Student Feedback and Lessons Learned from Adding Laboratory Experiences to the Reinforced Concrete Design Course Abstract

In an effort to demonstrate lecture course material, a class project was added to the senior level Reinforced Concrete Design course that incorporated beam testing. The concept of beam testing is not new. Many universities test reinforced concrete beams in flexure and in shear. What sets this experience apart is the effort to coordinate beam testing with lecture topics, the types of failures illustrated, and requiring the students to illustrate in the laboratory a concept they learned in the classroom. For most semesters, beams were cast and tested to illustrate tension and compression controlled failures, shear failures, and finally inadequate splice length failure. Once their beams were tested, the students were required to prepare a project report. Overall, most student responses were positive in nature. Typical student responses were centered on lessons learned in the laboratory, such as tying steel, that are not covered in classroom lectures. Also presented in the paper are lessons learned from the faculty members’ point of view, along with several areas of improvement for the project.


Reinforced Concrete Design (or Concrete I) is generally a junior or senior level course in most civil engineering curriculums. At the University of Arkansas, Concrete I is a three hour course consisting of three, 50 minute lectures per week. Depending on the University, there may or may not be an additional laboratory or drill section. Typically this first course in concrete design covers materials, flexure (analysis of rectangular beams, irregular shapes, T-beams, one-way slabs, doubly reinforced beams), shear and diagonal tension, column design, and development of reinforcing steel. The objective of integrating laboratory beam testing into the course was to illustrate classroom lessons, lectures, and homework.
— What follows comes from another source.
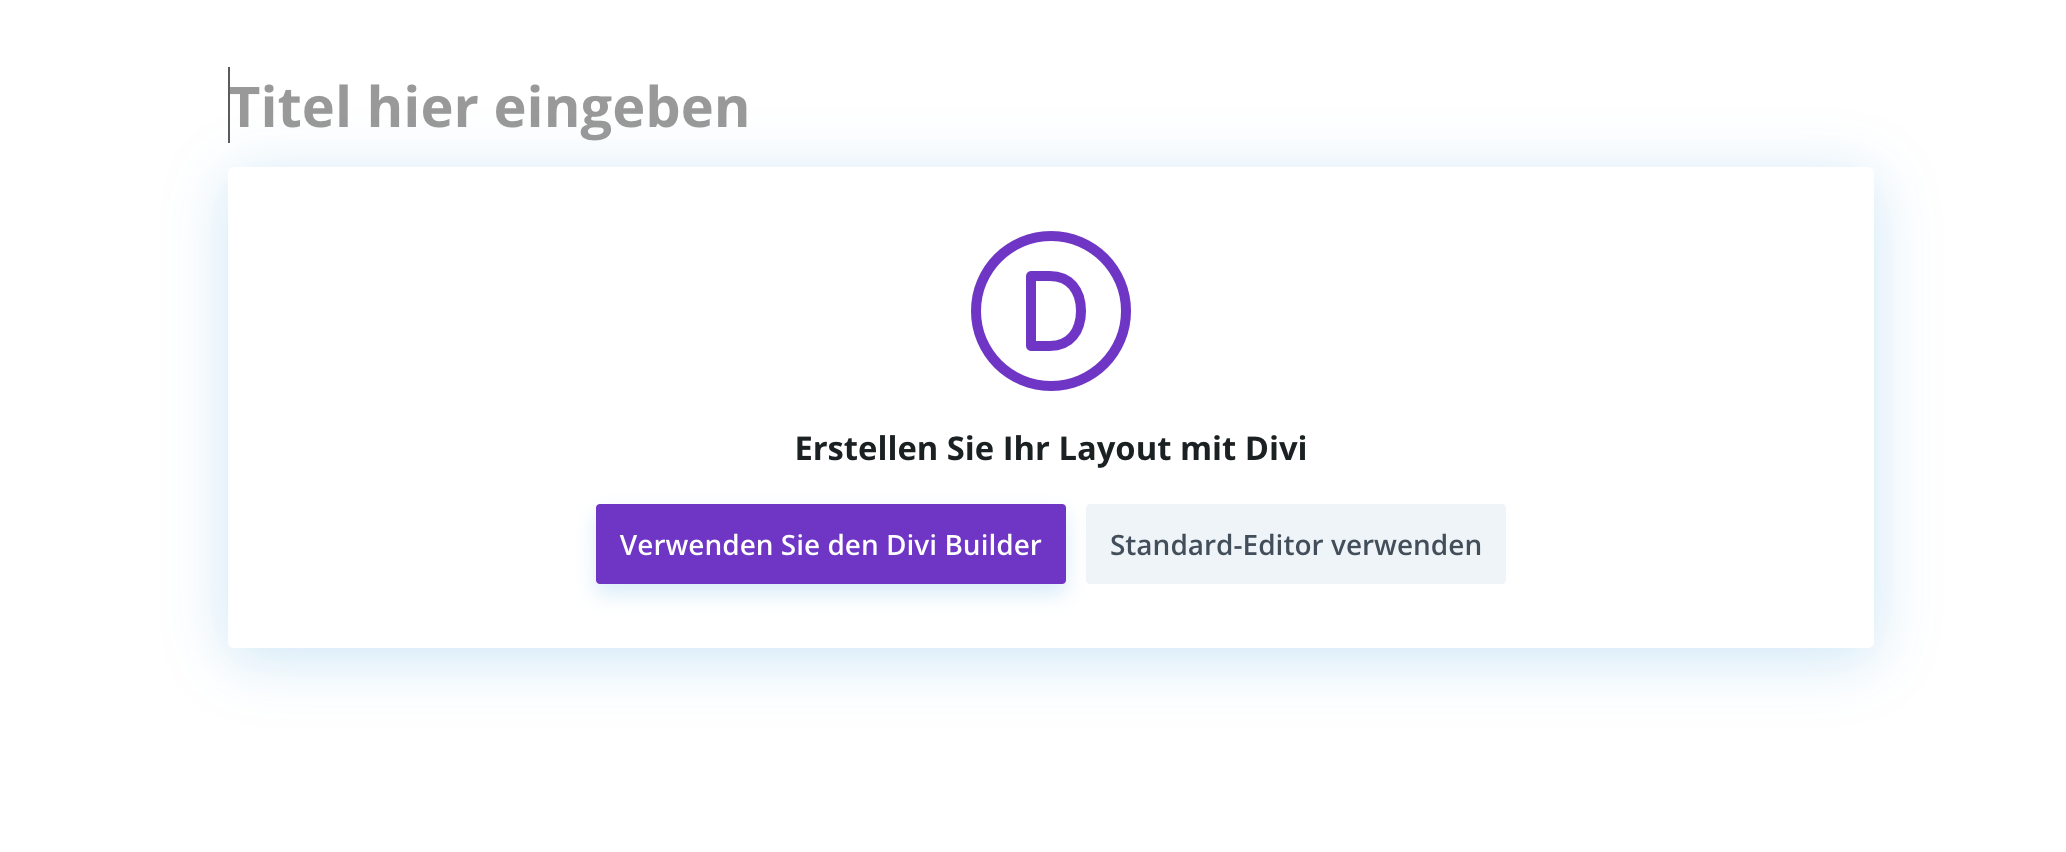 Use Divi Builder for your Site
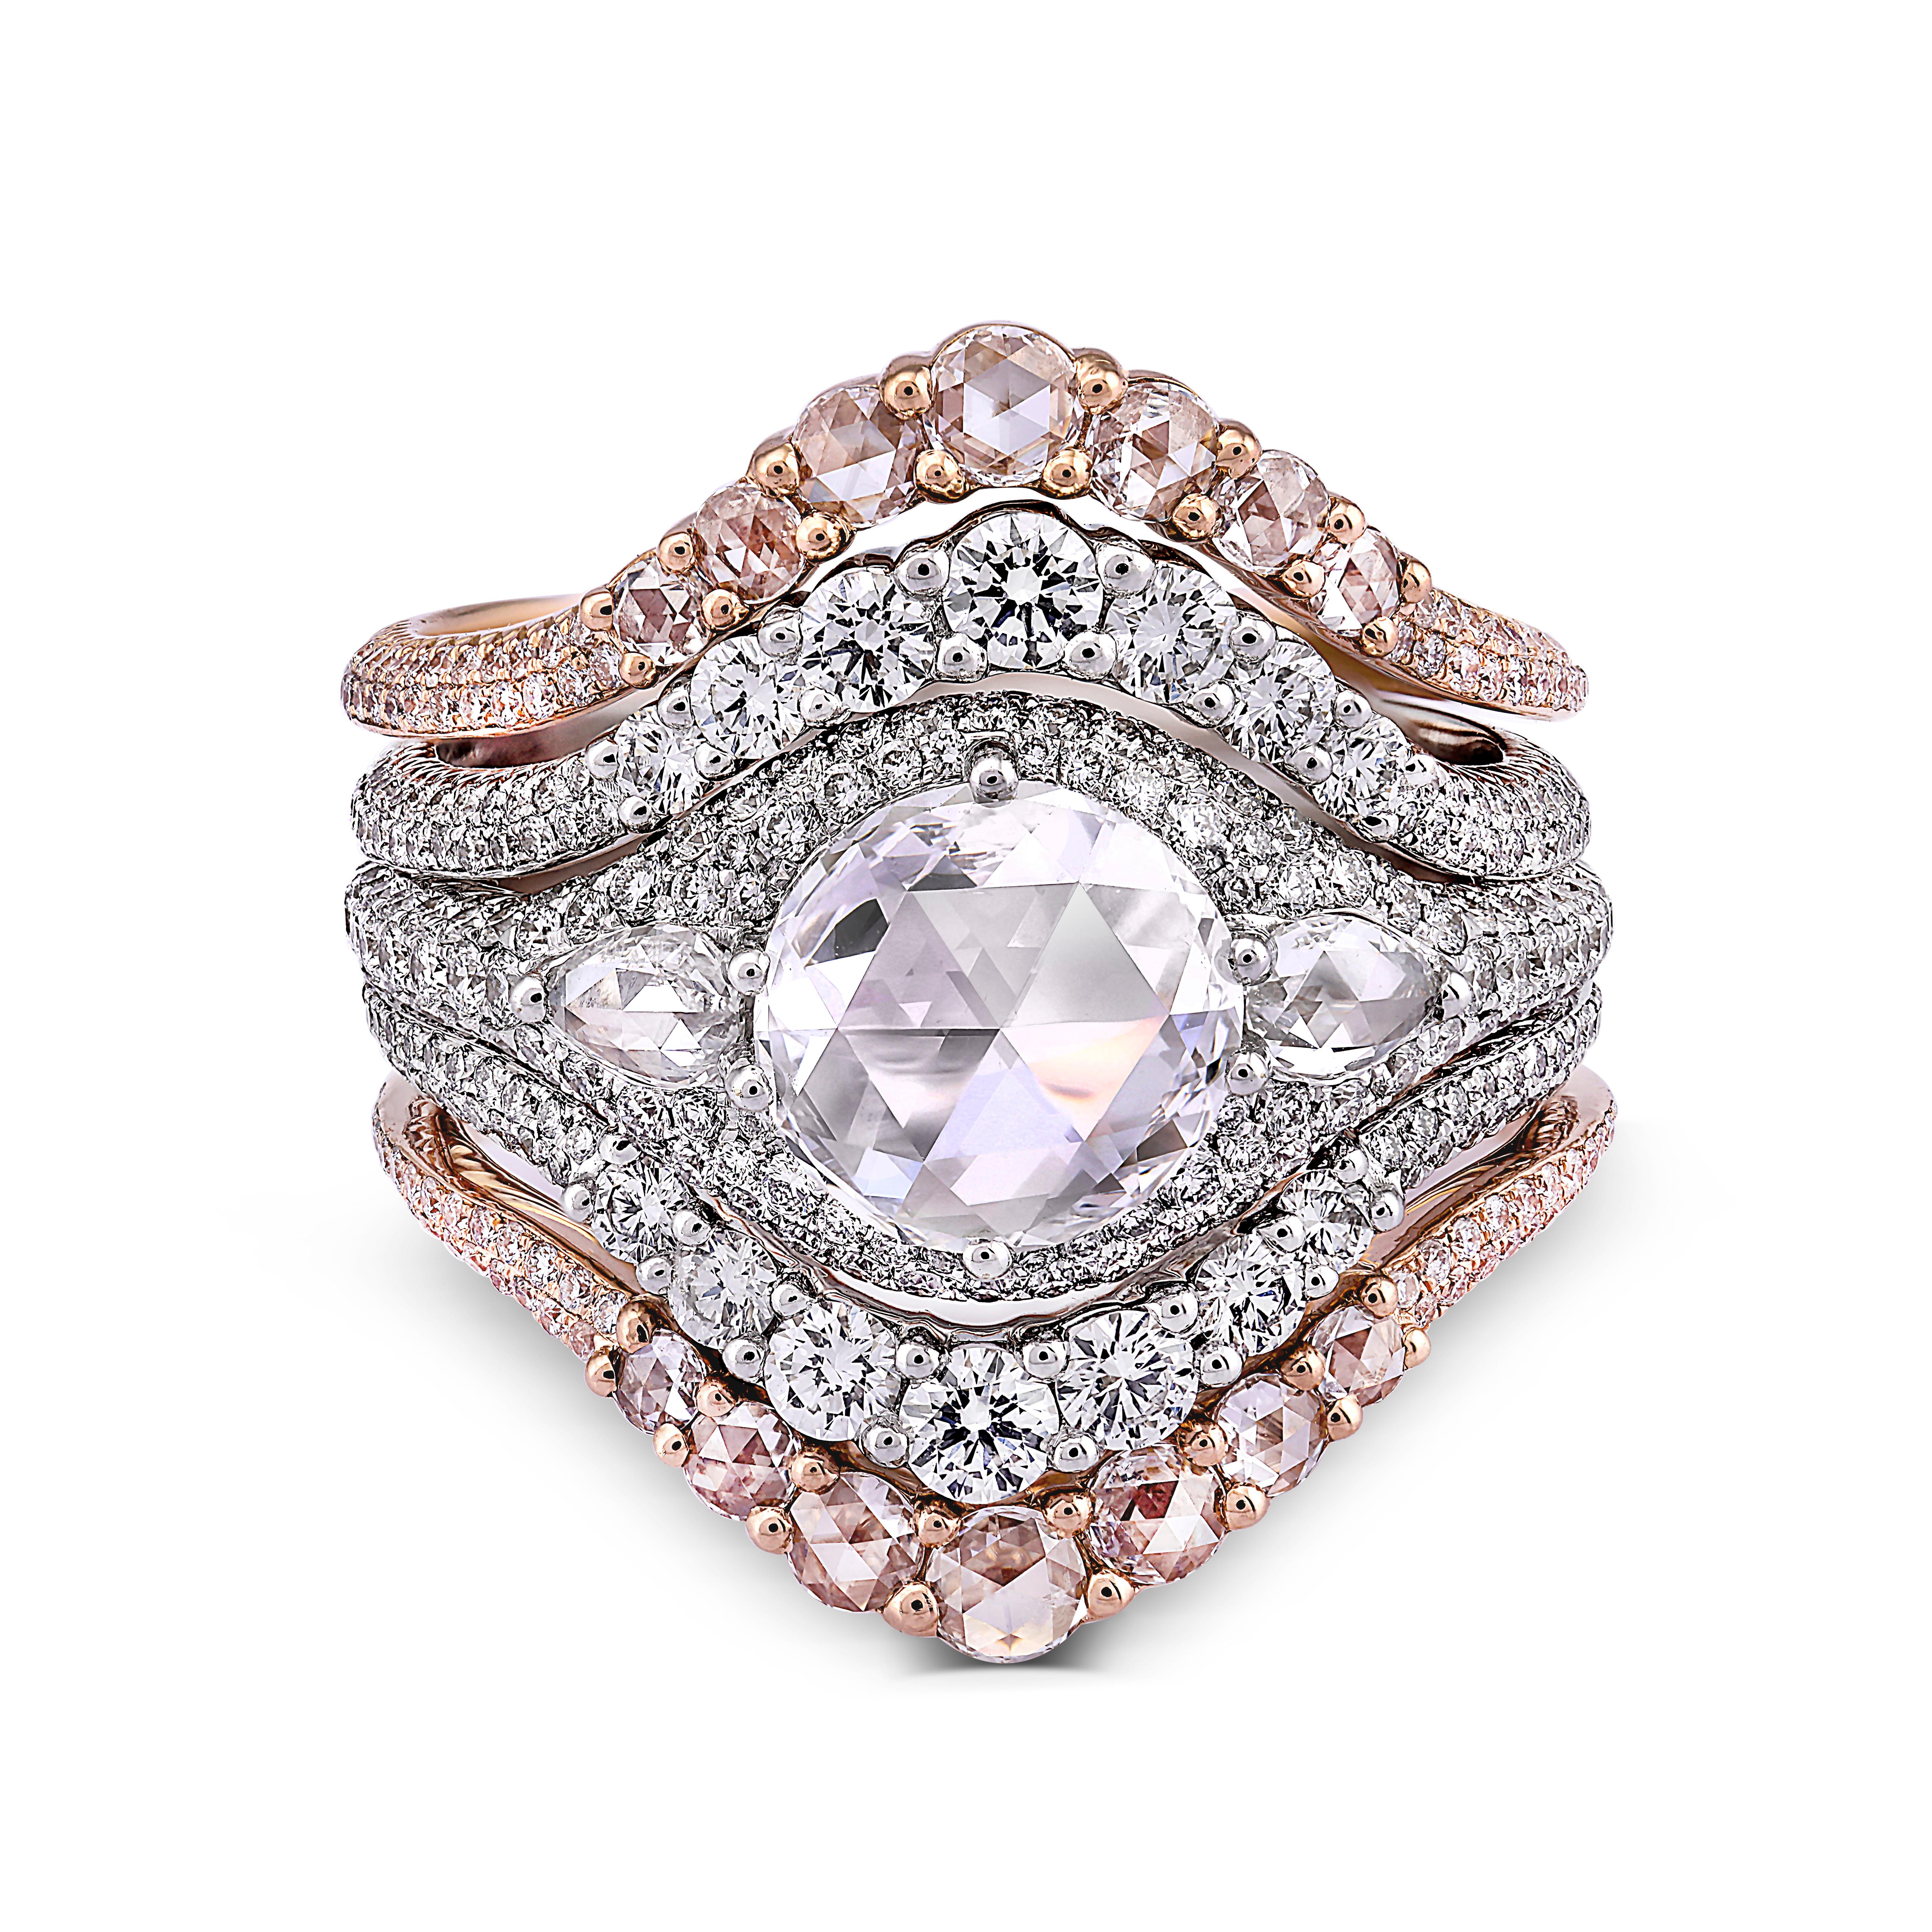 A hypnotic combination of rose and white gold, wed to multitudes of diamonds, give rhythm to this playful design. The central ring is set with a 1.09ct rose cut diamond and finished with 389 pave set diamonds. The outer rose and white gold rings are

This project required each student group to meet outside of the normally scheduled lecture time to cast their reinforced concrete beams, but testing was conducted during the lecture periods.


Practical experience whether it is design experience or construction experience is a desired trait in civil engineering graduates that many employers seek. In an article directed to young engineers wishing to enter the construction industry, an industry that many civil engineers choose to enter, an executive vice president advised young engineers “to get a good understanding of how the work is done”.1 Students may gain this understanding during part time jobs while they are in school, but there are students in most civil engineering programs that have never been exposed to a construction site. Additionally there are students and engineers who have never built something they had designed yet their designs may be detailed to fractions of an inch. One of the many goals of building and testing reinforced concrete beams as a class project is to provide this type of experience to undergraduate students.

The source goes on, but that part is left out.